“We have teachers here in Connecticut who are starting the school year being told they need to teach extra classes. ‘I need you to be a teacher and a quarter, a teacher and a half.’ We have class sizes that are larger than desirable,” CEA President Kate Dias told Brian Shactman on WTIC 1080’s Brian and Company show yesterday.
It was only her latest media appearance calling attention to the need to remedy the teacher shortage that is affecting schools here in Connecticut and around the country. Earlier this week, she also discussed the issue on Eyewitness News 3 and News 8.

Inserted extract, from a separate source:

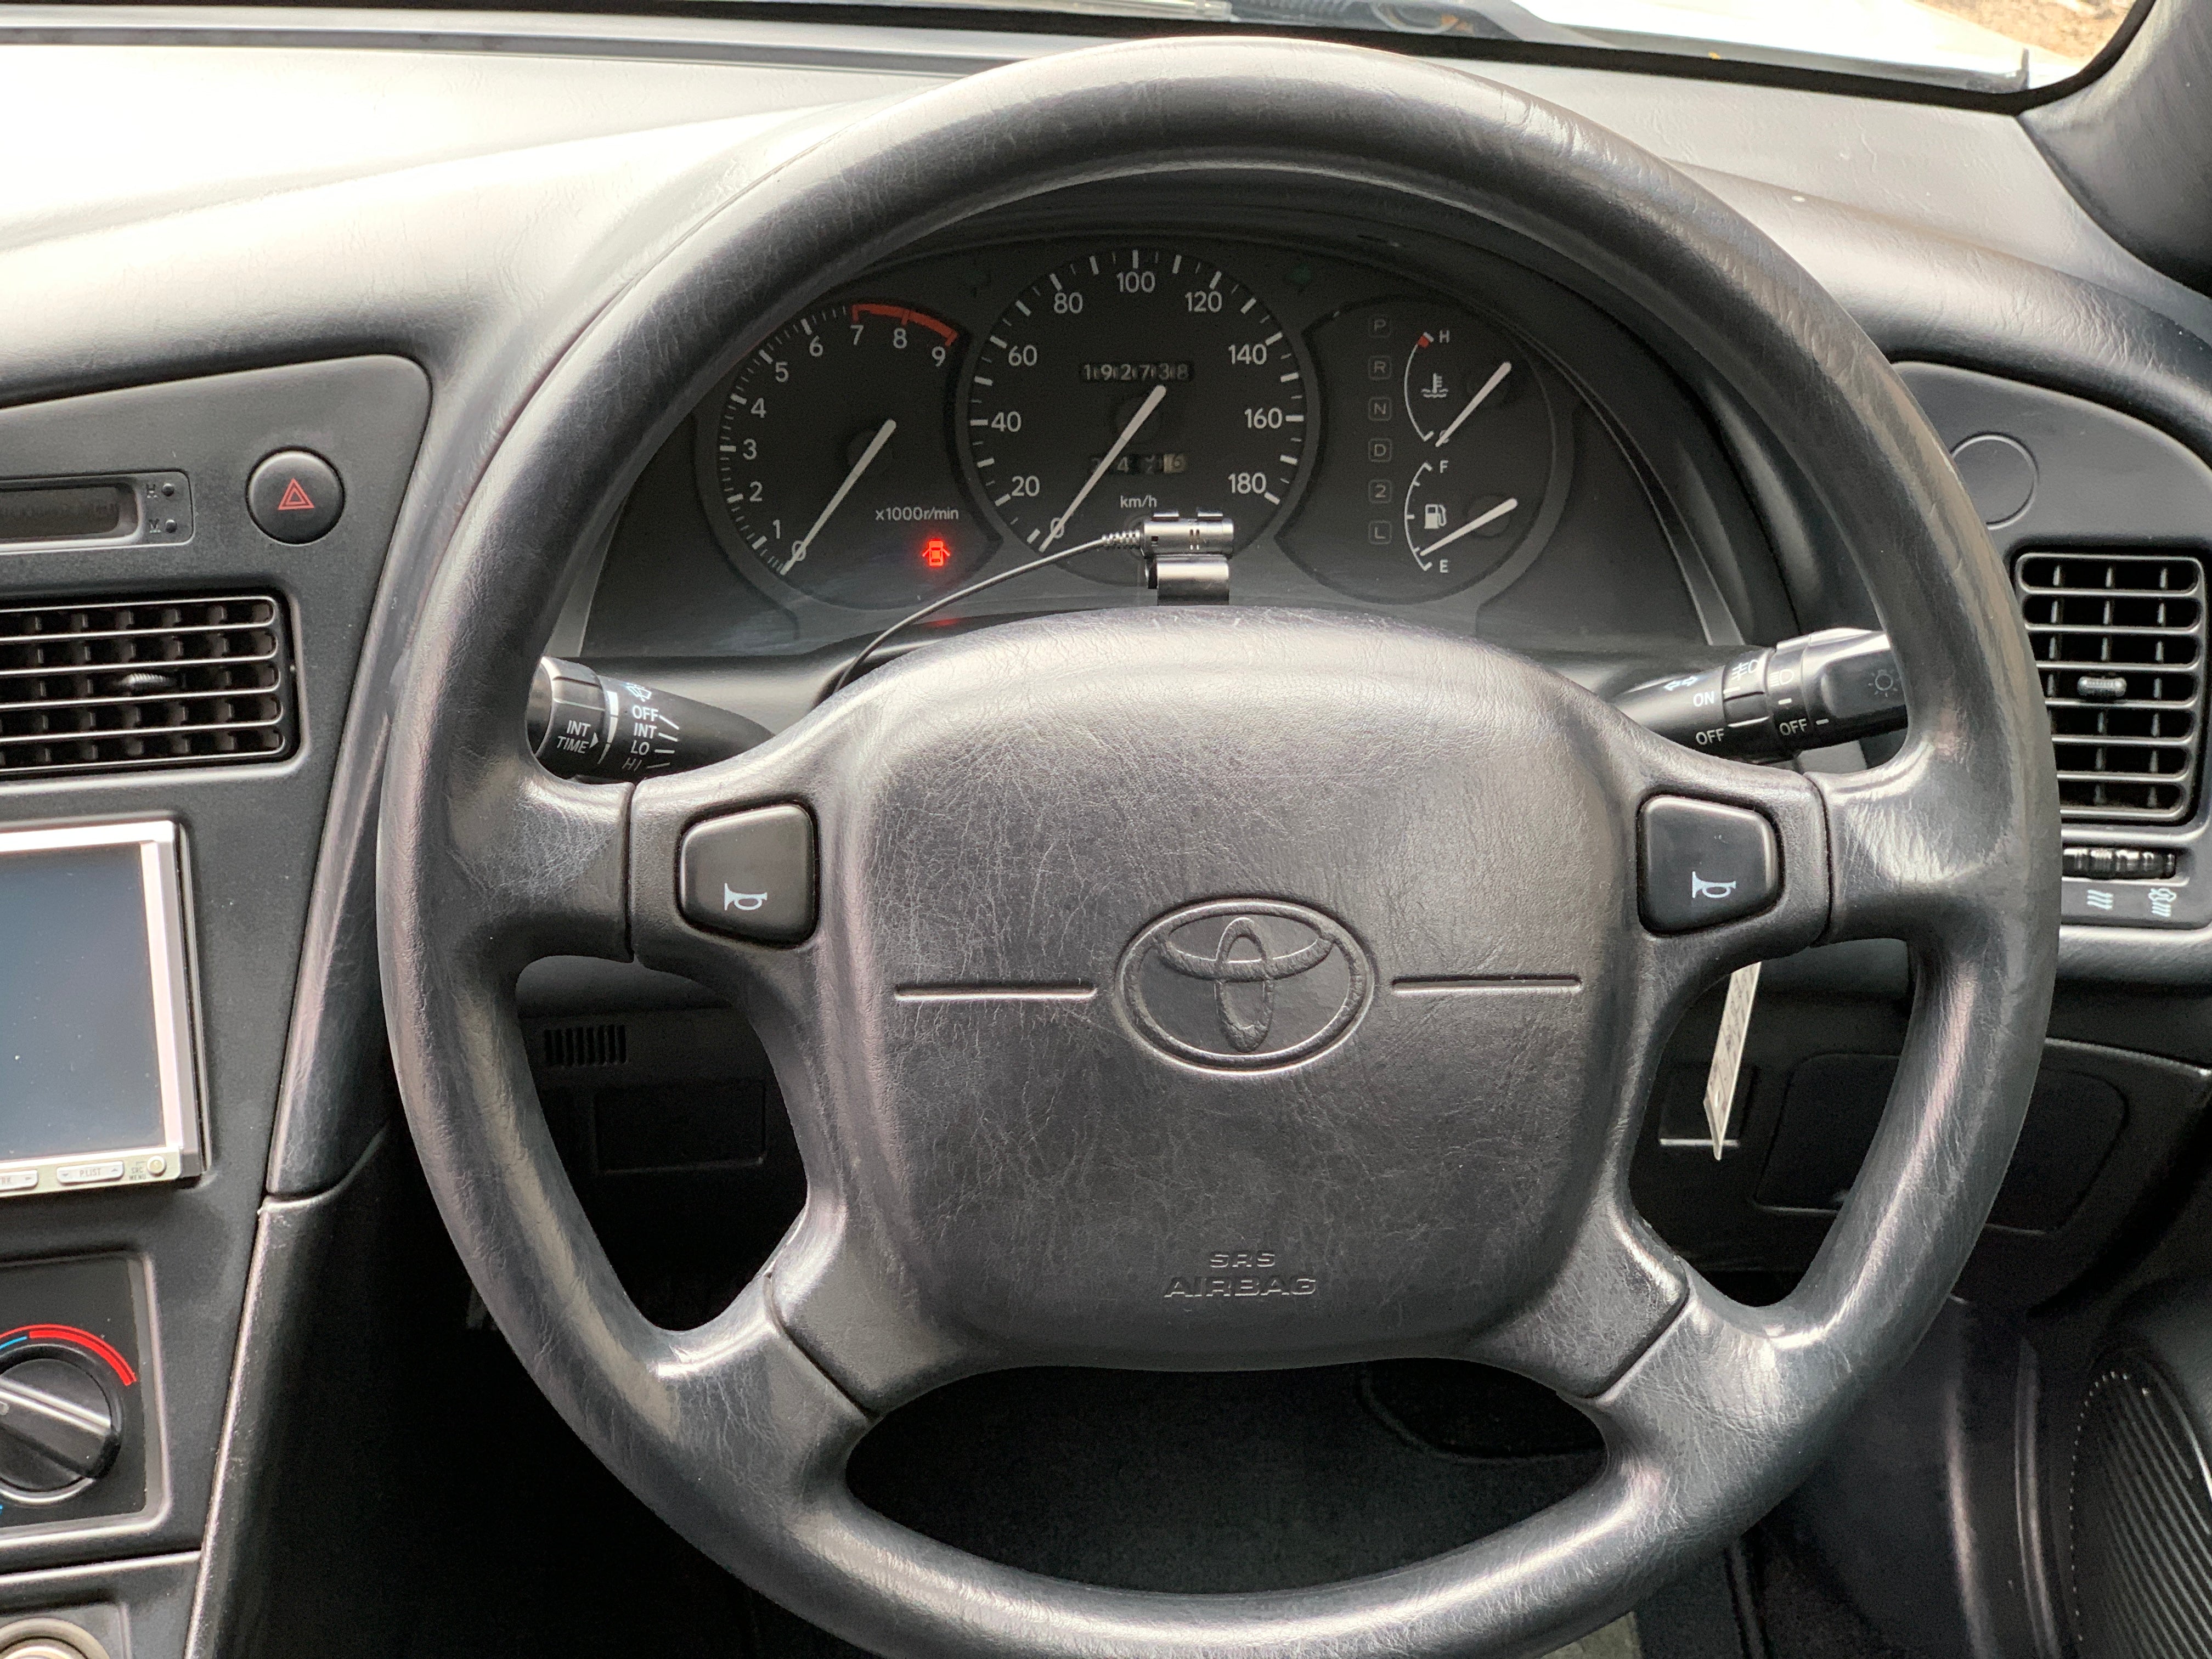 1996 Toyota Celica Convertible

She told Shactman that the pandemic only worsened a perfect storm of issues that have been brewing for decades, including poor indoor air quality, insufficient facility maintenance, salaries that aren’t commensurate with teachers’ education or experience, and a lack of respect.
To address the teacher shortage, Dias said, will take a combination of actions that can be taken in the short term such as certification and pension fixes and pandemic pay as well as long-term solutions such as improving teacher salaries.
“One of the things we’re looking for at CEA is—essential workers have been given pandemic bonuses, and teachers have been specifically excluded from those,” she said. “So we’re going back to the legislature and having specific conversations about, what does pandemic credit look like for teachers.”
She continued, “We’ve received a lot of pats on the back, but no action. That really has to be addressed.”
While Dias brings attention to the teacher shortage here in Connecticut, U.S. Secretary of Education Miguel Cardona made several media appearances this week to discuss the issue on the national stage.
“We’re at the doorsteps of a crisis,” he told CNN Wednesday.
In an appearance on CBS Mornings, he said, “If we’re serious about addressing the teacher shortage issue, we must address the teacher respect issue. That means providing competitive salaries, that means improving working conditions for teachers across the country.”
He continued, “We have teachers with master’s degrees across the nation who have to drive Ubers on the weekend to make ends meet. That’s unacceptable.”